──────── DATA BELOW ────────

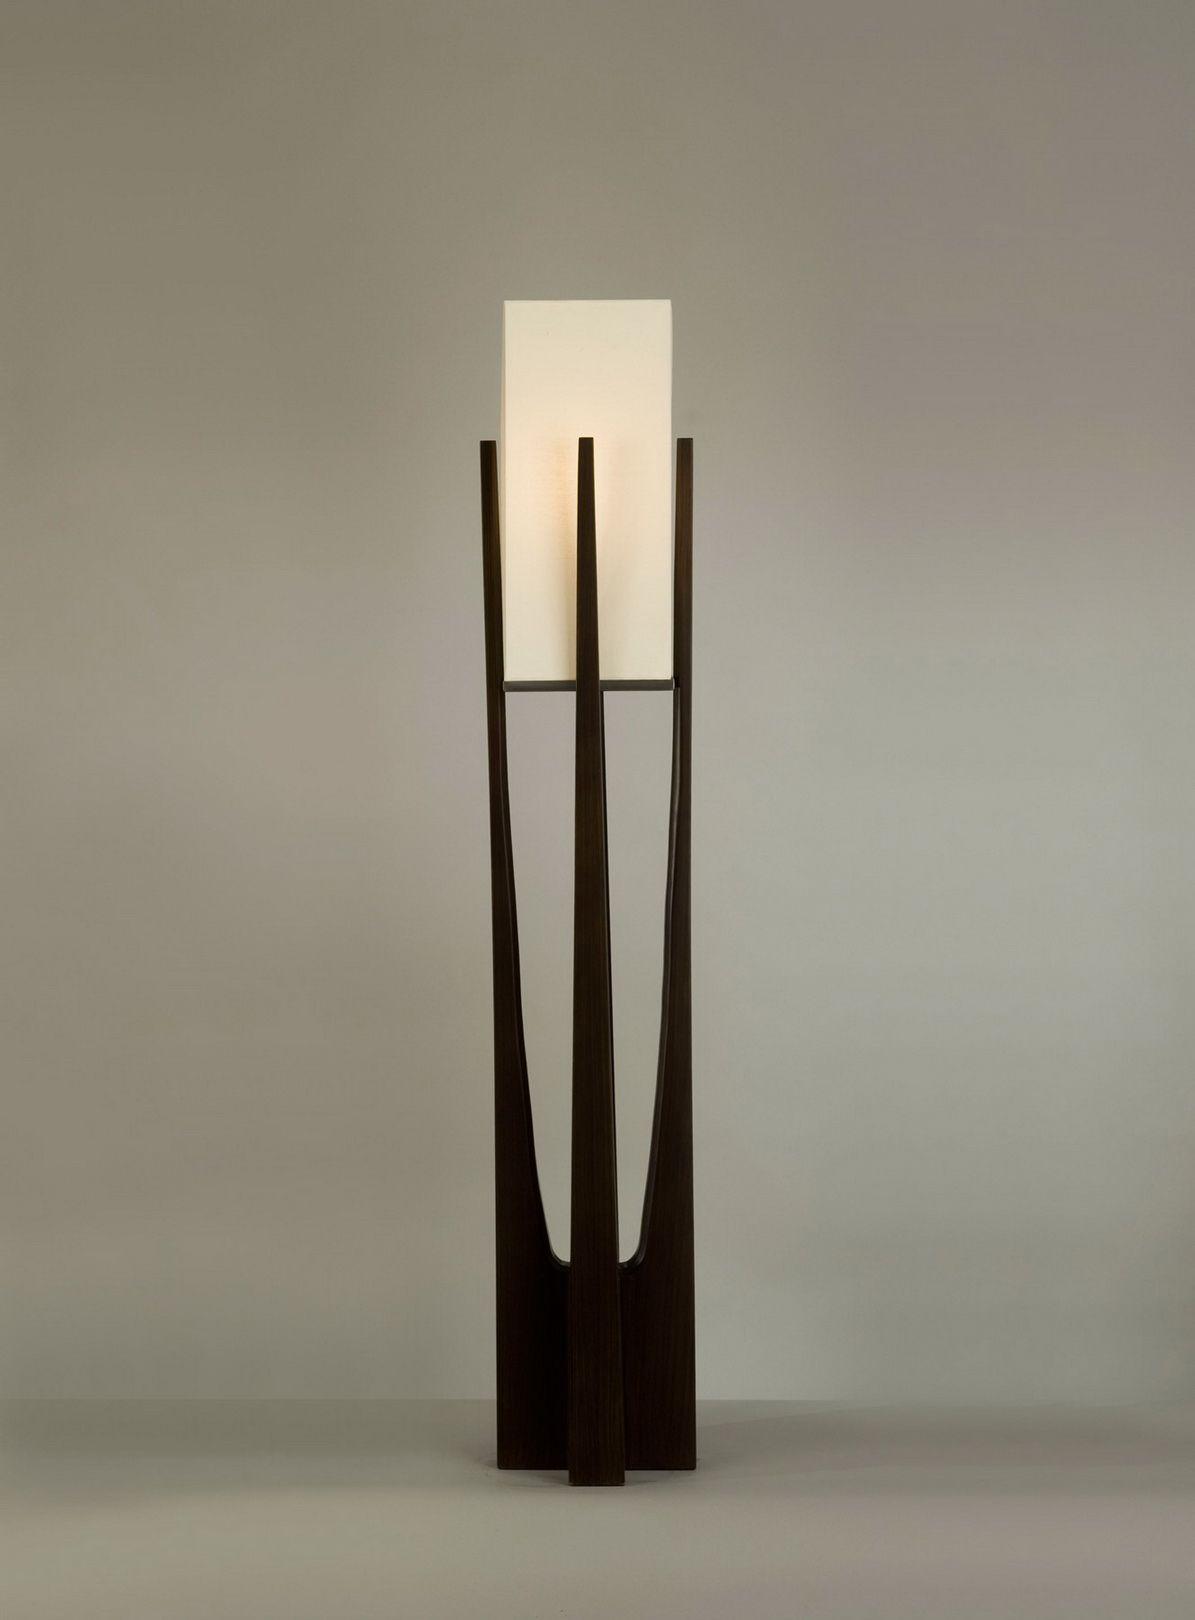 unusual lighting fixtures. Unusual Floor Lamps - Google Search Lighting Fixtures I
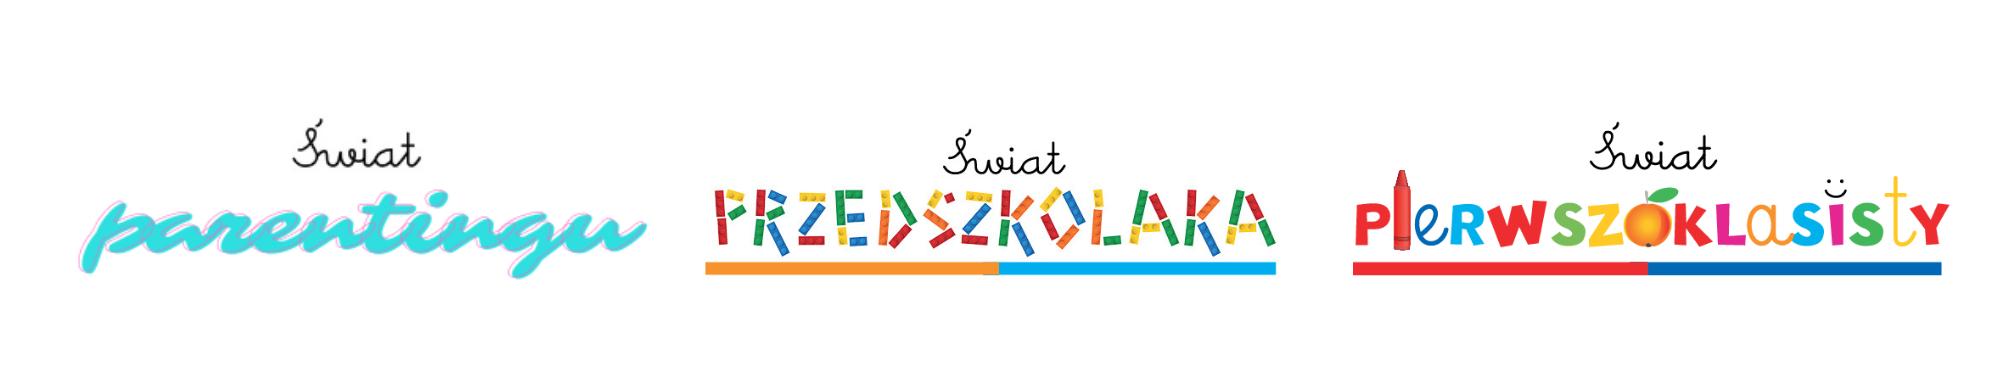 Świat Parentingu | Świat Przedszkolaka | Świat Pierwszoklasisty – swiatp.pl
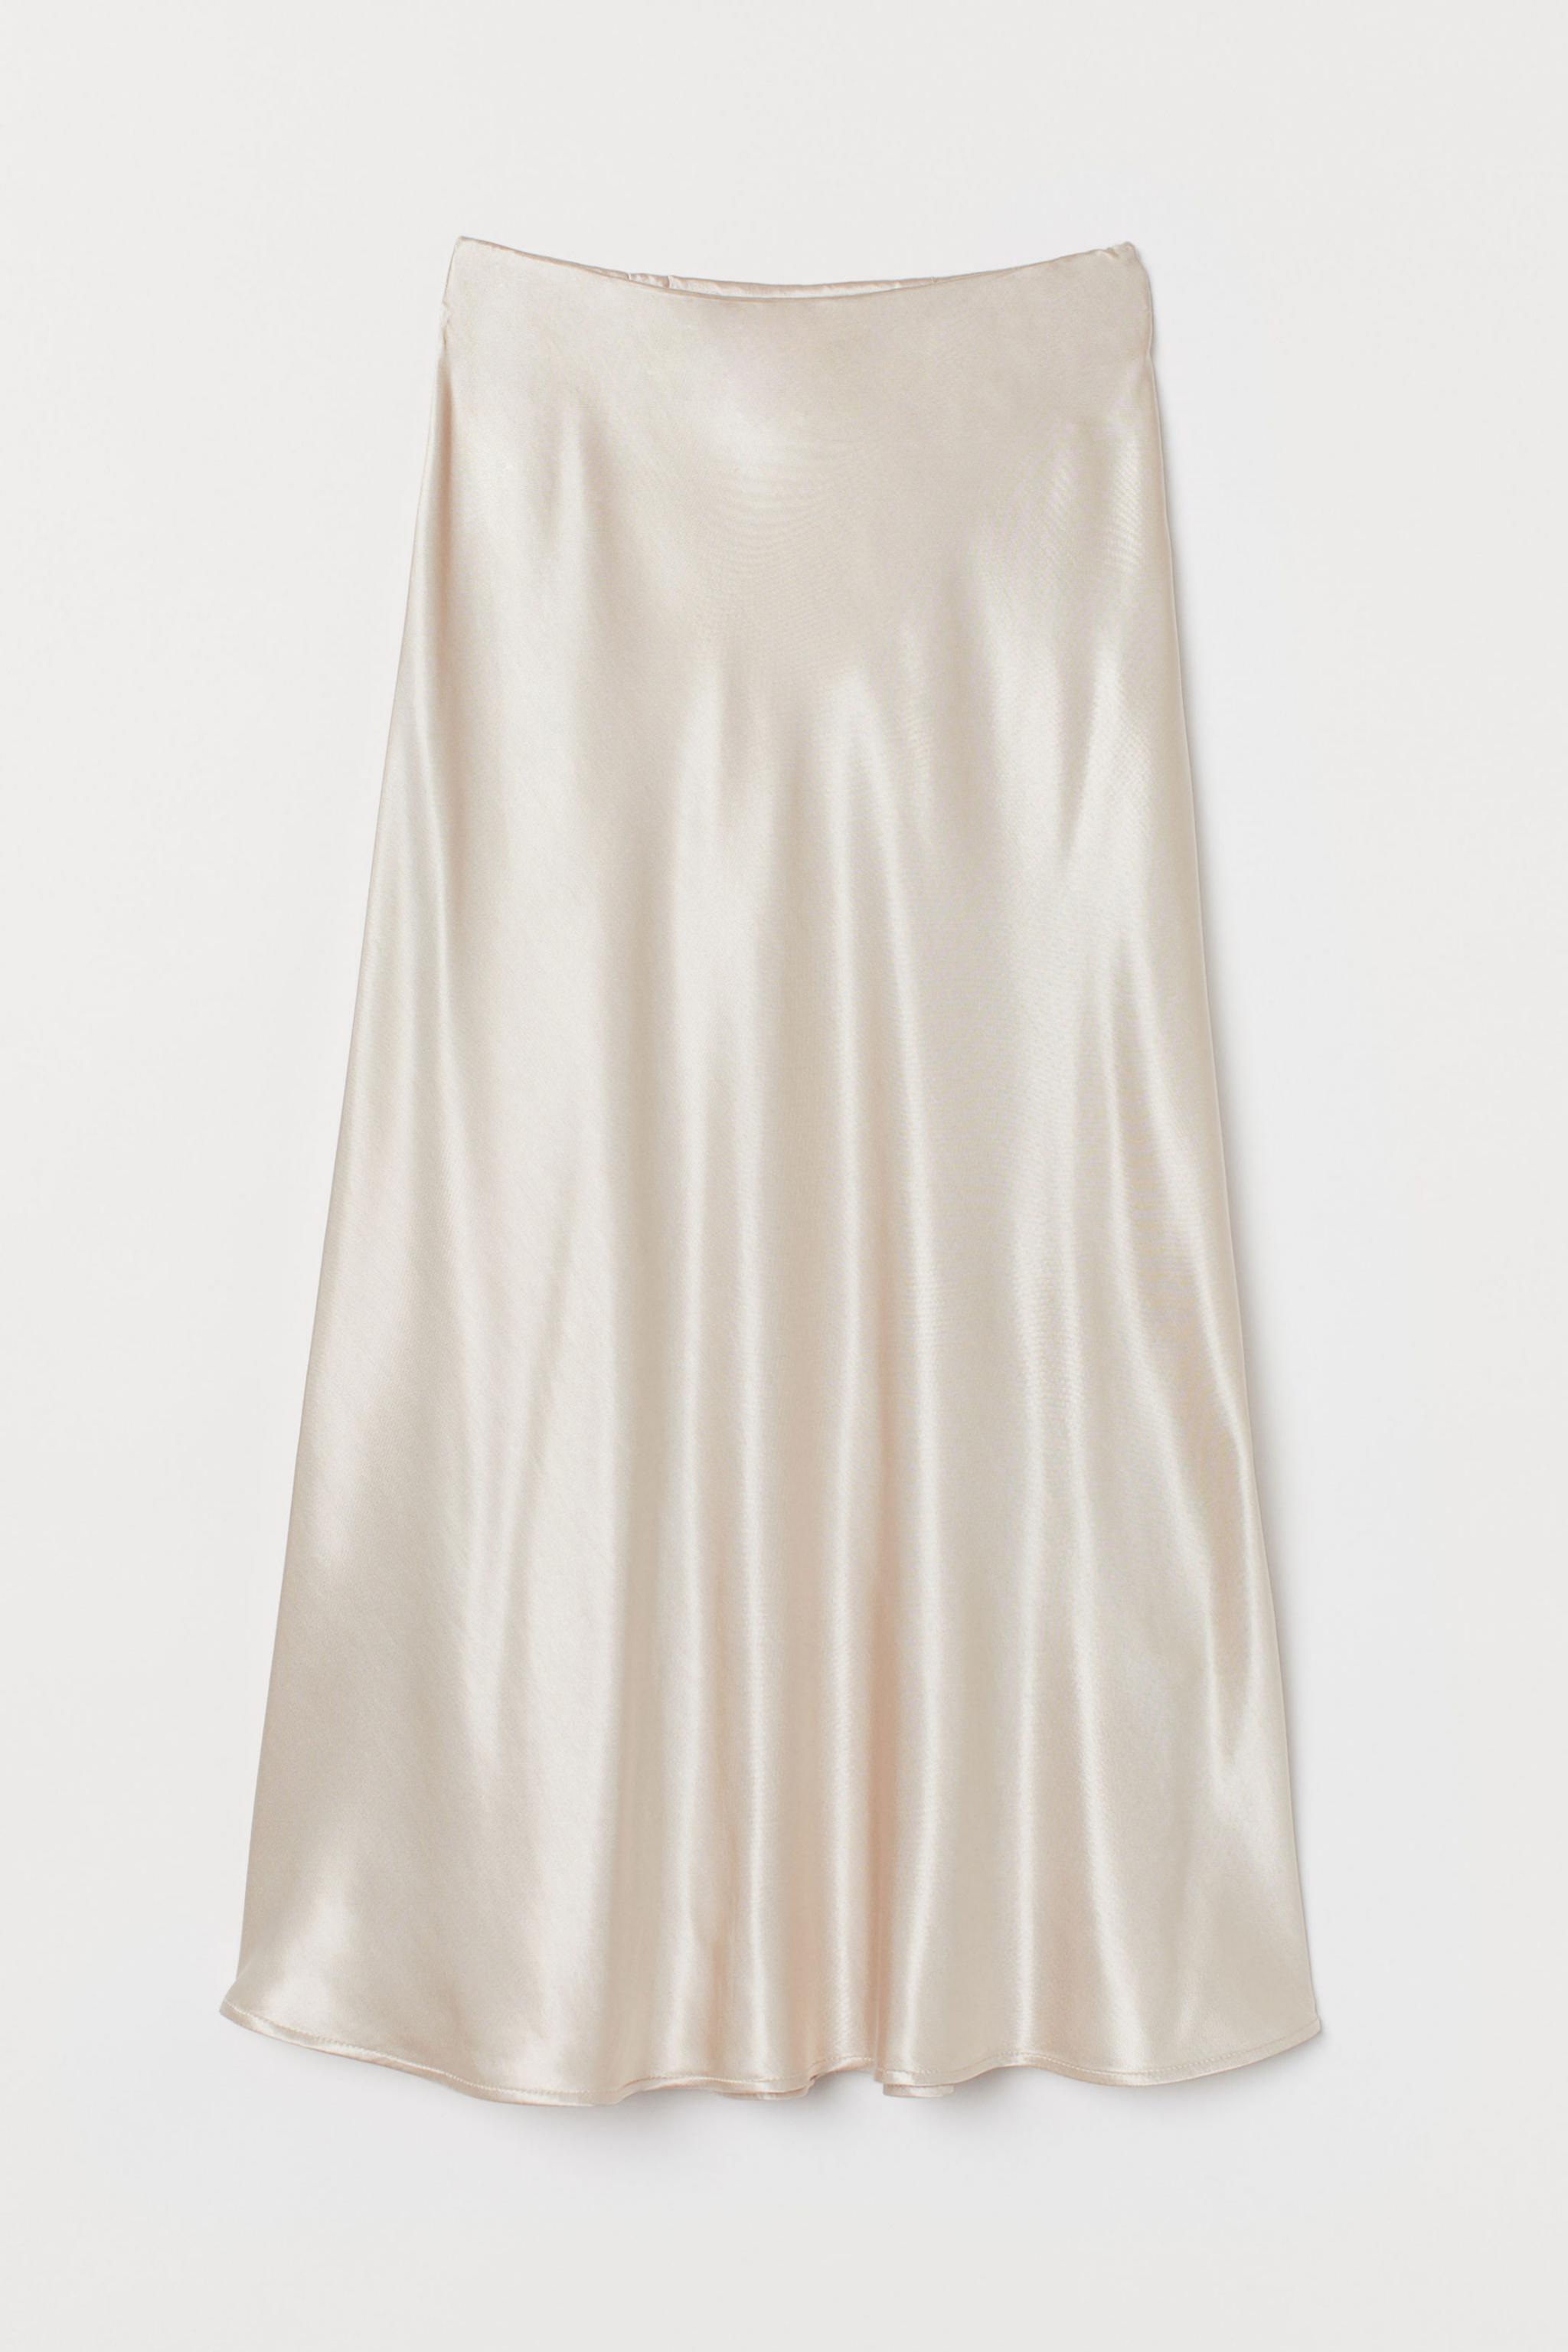 Falda satinada en blanco de H&M

────────

REQUIREMENT: Transcribe word for word only the lines from the one with "Świat Parentingu |" through the end of the listing; every picture is to be omitted.

RESPONSE BOX:
 Świat Parentingu | Świat Przedszkolaka | Świat Pierwszoklasisty – swiatp.pl
 Falda satinada en blanco de H&M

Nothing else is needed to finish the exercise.